Patients should visually check the number of units selected on the dose counter of the pen. Blind patients or patients with poor vision should be instructed to have the assistance of another person with good vision trained in the use of this insulin dosing device.
See also the section “Method of administration” in the section “Method of administration and dosage”.
Excipients: This medicinal product contains less than 1 mmol sodium (23 mg) per dose, i.e. essentially ‘sodium-free’.
Use during pregnancy or breastfeeding
Pregnancy. There is no clinical experience with Toujeo SoloStar in pregnant women. There are no clinical data from controlled clinical trials on the use of insulin glargine during pregnancy. A large amount of data on the use of this drug in pregnant women (more than 1000 pregnancy outcomes with the use of a medicinal product containing insulin glargine 100 U/ml) indicate that insulin glargine does not cause any specific adverse effects on pregnancy and does not cause any malformations or toxicity to the fetus/newborn. Studies in laboratory animals have not shown any signs of reproductive toxicity. Toujeo SoloStar can be used during pregnancy if necessary.
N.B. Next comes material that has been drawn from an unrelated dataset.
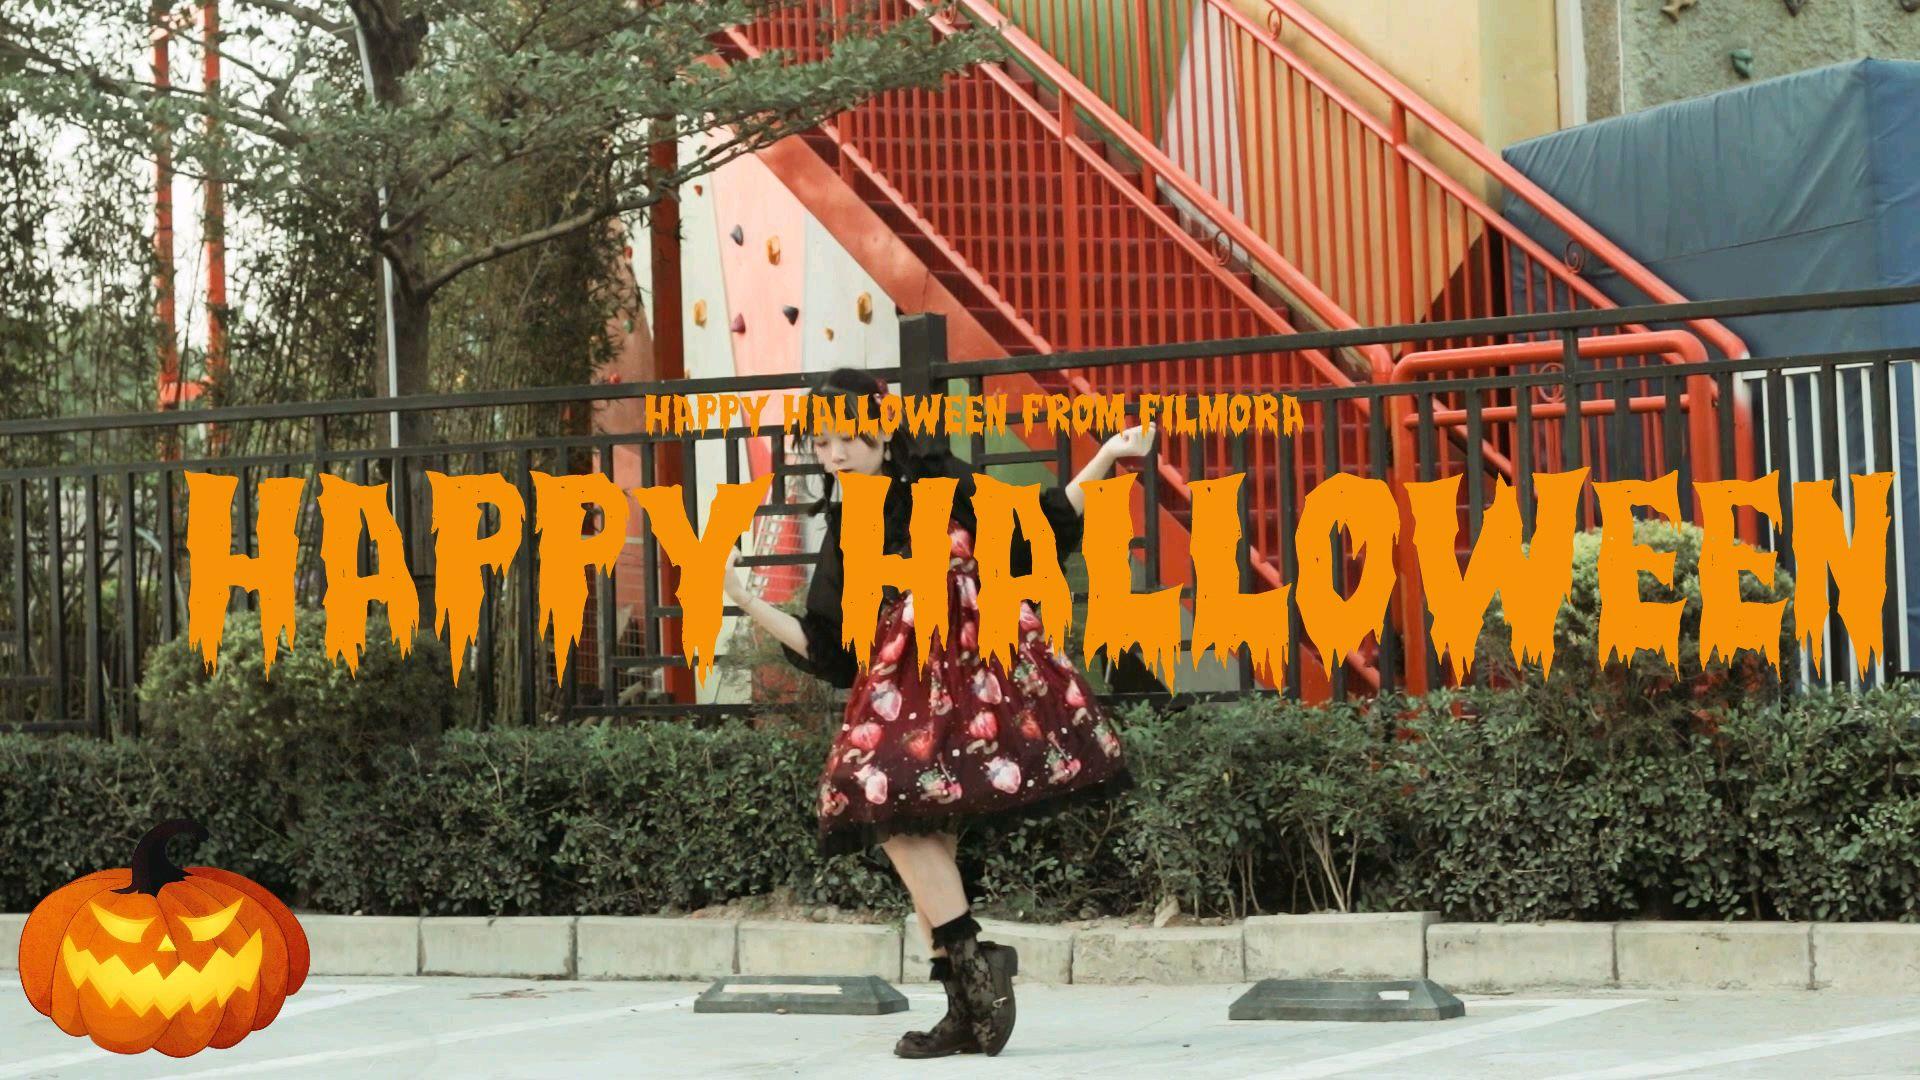 【薇薇】Happy Halloween♡还能骗到糖吗

To prevent the undesirable consequences associated with the development of hyperglycemia, it is very important for patients with diabetes mellitus that arose before pregnancy or with gestational diabetes to maintain adequate metabolic control throughout the entire pregnancy. Insulin requirements may decrease during the first trimester of pregnancy and, as a rule, increase during the second and third trimesters. Immediately after delivery, insulin requirements decrease sharply (the risk of hypoglycemia increases). Therefore, careful control of blood glucose levels is very important.
Breastfeeding. It is not known whether insulin glargine is excreted in human milk. No metabolic effects are expected to occur in the newborn/infant through breast milk during breastfeeding, as insulin glargine is a peptide that is broken down to amino acids in the human gastrointestinal tract. Breastfeeding women may require dose and dietary adjustments.
Fertility: Studies in laboratory animals have not shown direct harmful effects on fertility.